The content in this example is not streamed.

------
CraigJPerry

        >> It’s the best practice to use a package instead of a
        >> module for larger applications in Flask instead of a
        >> single python file.
    

For something as small as this, i'd stay 1 single file. Keep it simple.

If the app gets bigger, at the point where 1 file is becoming painful (and not
before) it's trivial to refactor to a module. If you're a single person team,
that point may be wayyy further down the line than you'd think.

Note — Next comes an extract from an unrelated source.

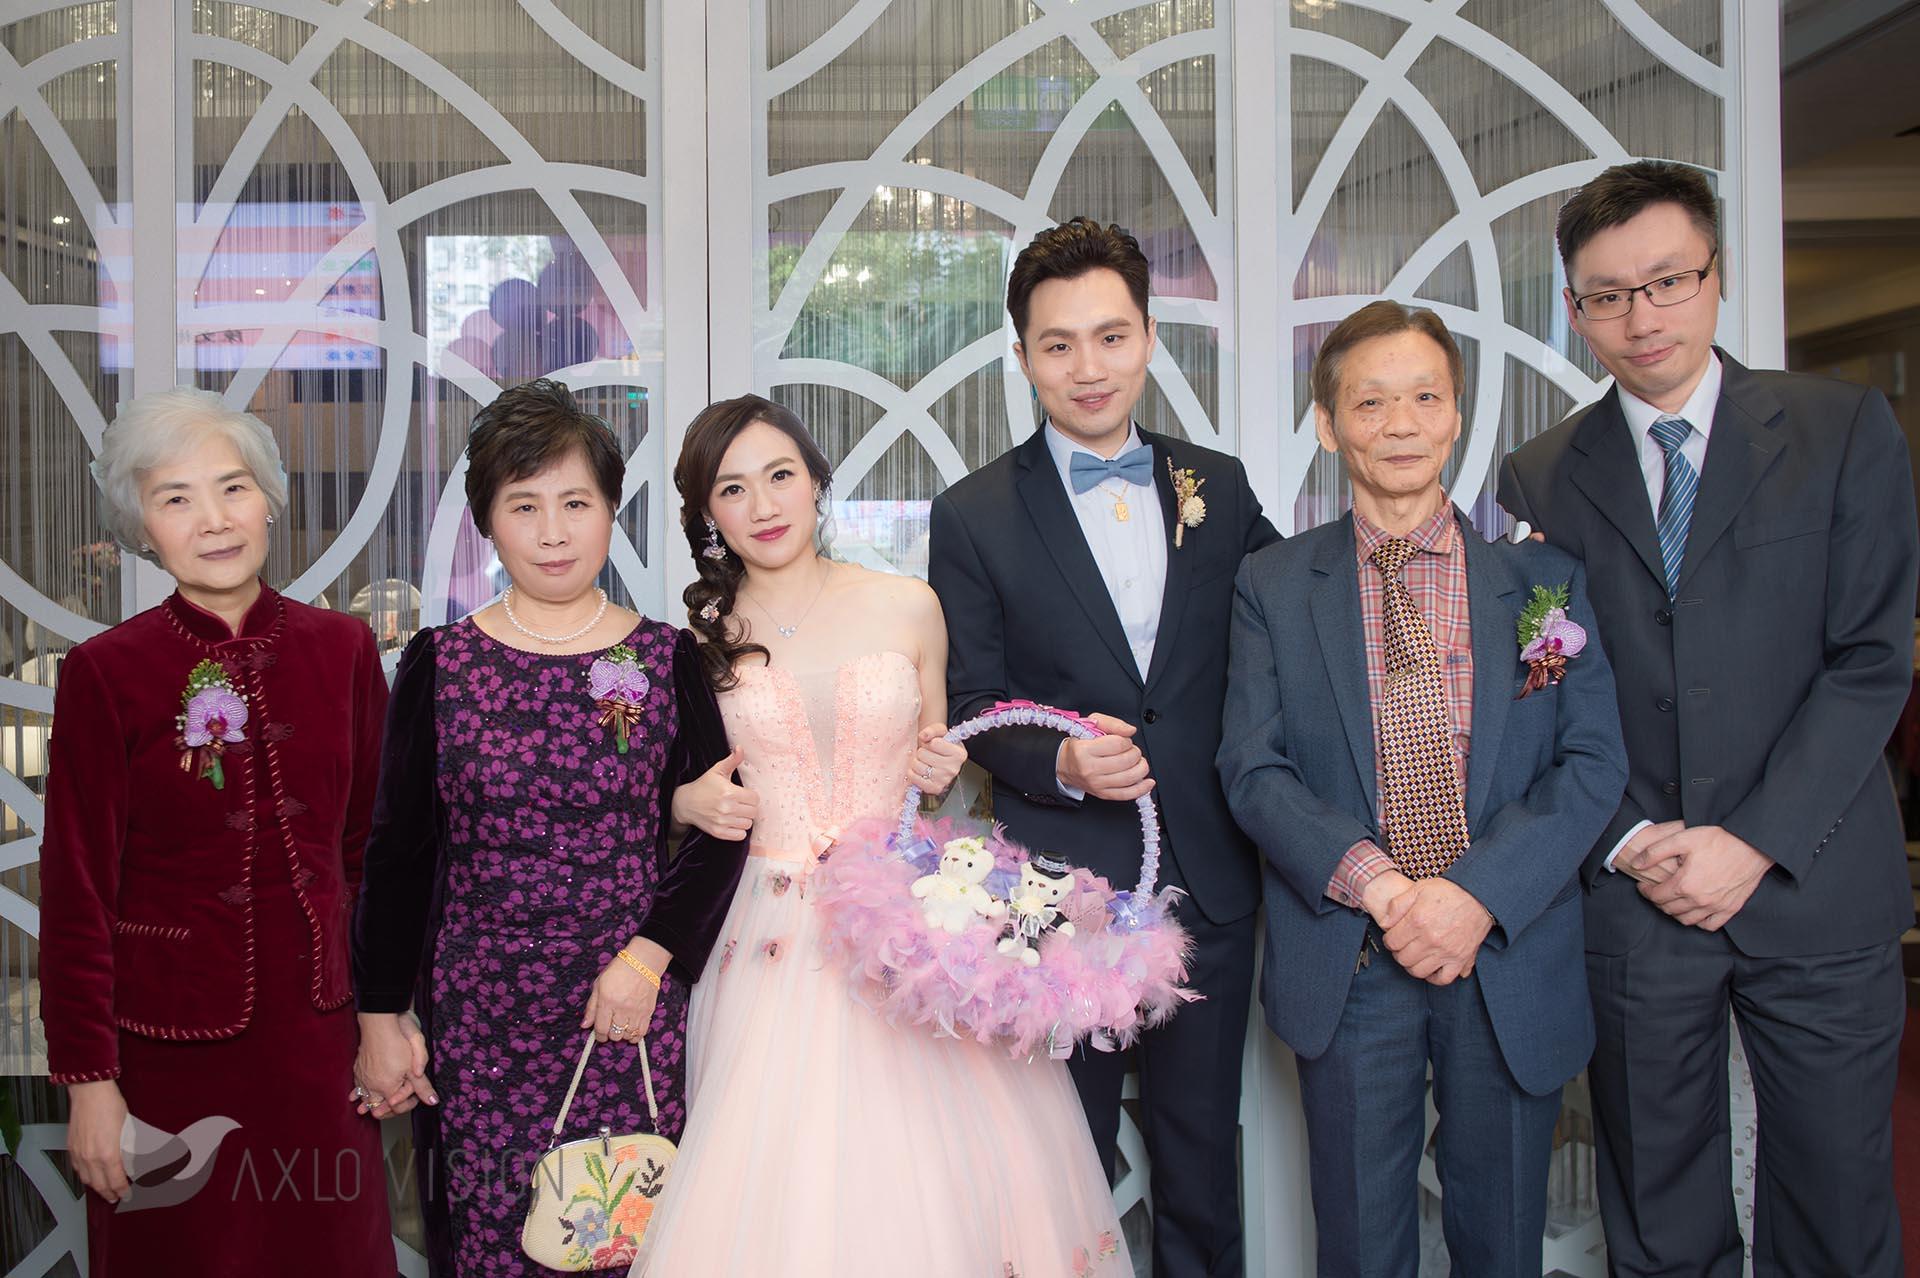 WeddingDay20170401A_244

Keep it simple as possible, you're safe knowing that it's trivial to grow ->
module -> blueprints and so on.

------
cbhl
This seems like an odd way to do music streaming, I feel like you'd be better
off dumping MP3 files in a folder and taking advantage of the media streaming
support in nginx or Apache or similar.

Or, you can look at psobot's implementation of a streaming music app in
forever.fm ([http://blog.petersobot.com/introducing-forever-
fm](http://blog.petersobot.com/introducing-forever-fm)). The short version of
it is that he uses a Python generator to generate frames, passes them through
LAME, and then has Tornado hand out the music one frame at a time.

------
NoodleIncident
Do! Not! Put uploads in static!

We made this mistake at a hackathon. Everything worked fine on dev machines,
with the _unsafe_ webserver built into flask.

When we tried to move it to a real server with wsgi, it stopped working. Users
shouldn't have write access to the folder your code is in, and by default,
they won't!